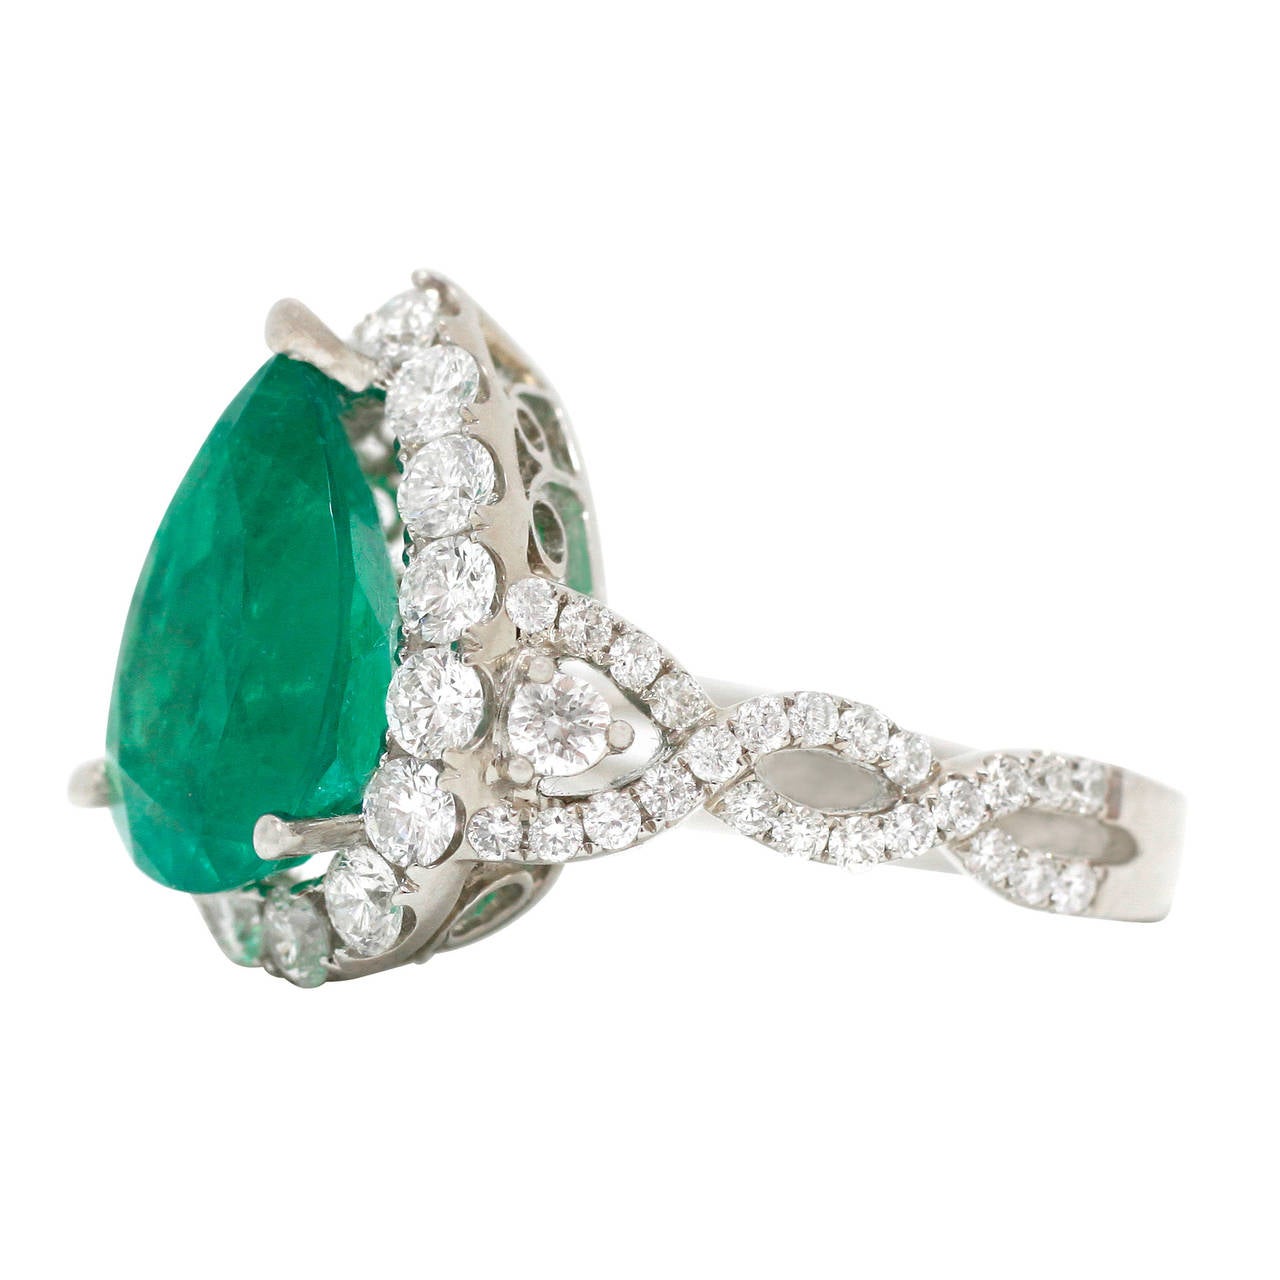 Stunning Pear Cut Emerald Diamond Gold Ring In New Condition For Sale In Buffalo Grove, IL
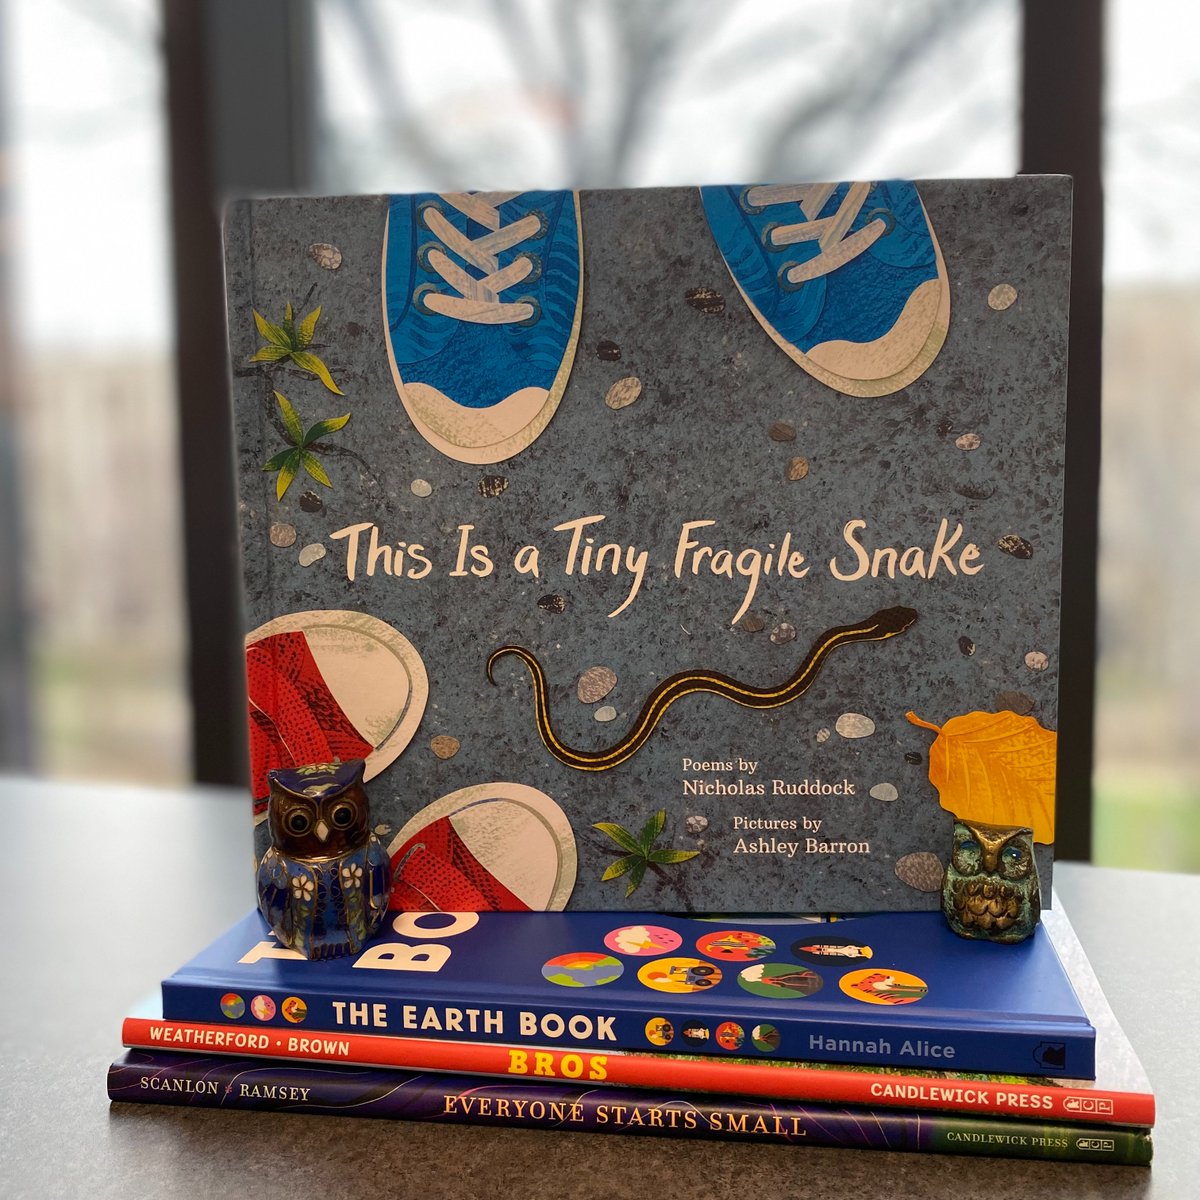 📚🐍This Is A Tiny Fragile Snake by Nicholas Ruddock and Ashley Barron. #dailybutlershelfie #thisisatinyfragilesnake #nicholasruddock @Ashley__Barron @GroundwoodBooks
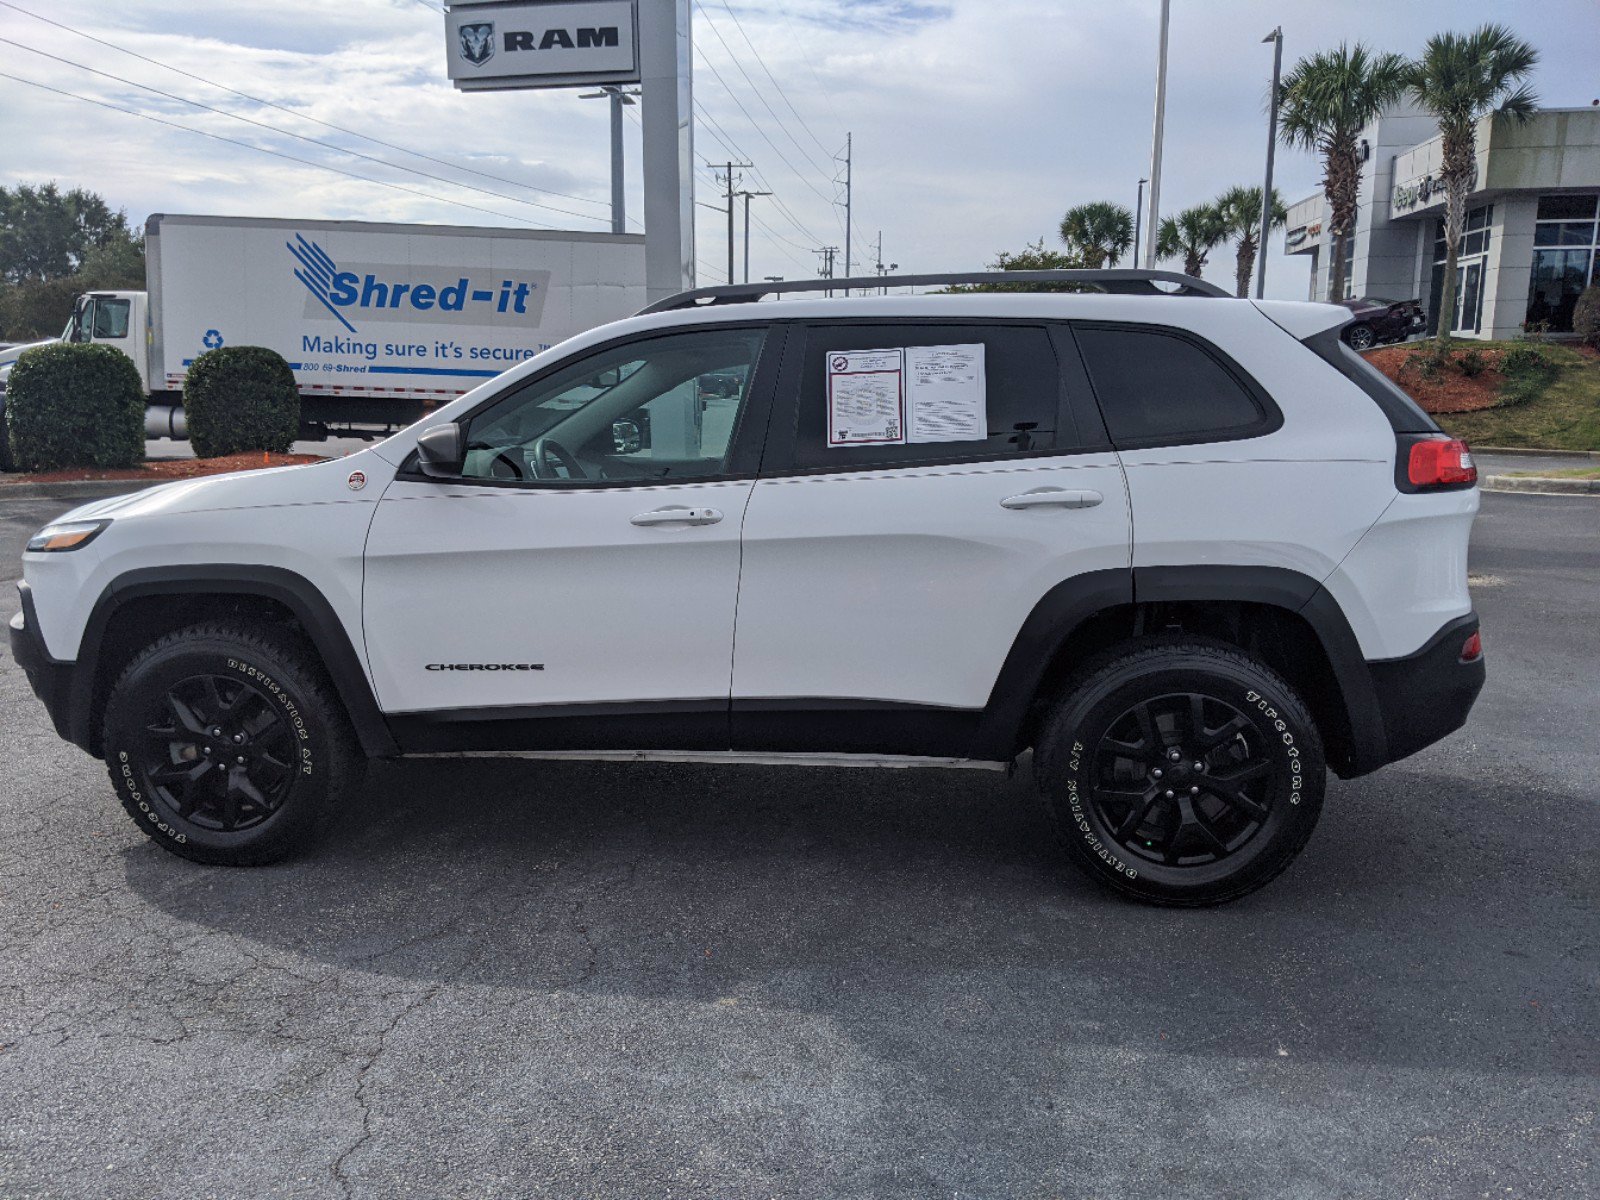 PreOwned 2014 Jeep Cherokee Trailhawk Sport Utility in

Required work:
Begin with the line that contains "#nicholasruddock @Ashley__Barron @GroundwoodBooks" and copy every line through the end of the listing, exactly as written, both ends included. Pictures are not part of the copy.

Reply:
 📚🐍This Is A Tiny Fragile Snake by Nicholas Ruddock and Ashley Barron. #dailybutlershelfie #thisisatinyfragilesnake #nicholasruddock @Ashley__Barron @GroundwoodBooks
 PreOwned 2014 Jeep Cherokee Trailhawk Sport Utility in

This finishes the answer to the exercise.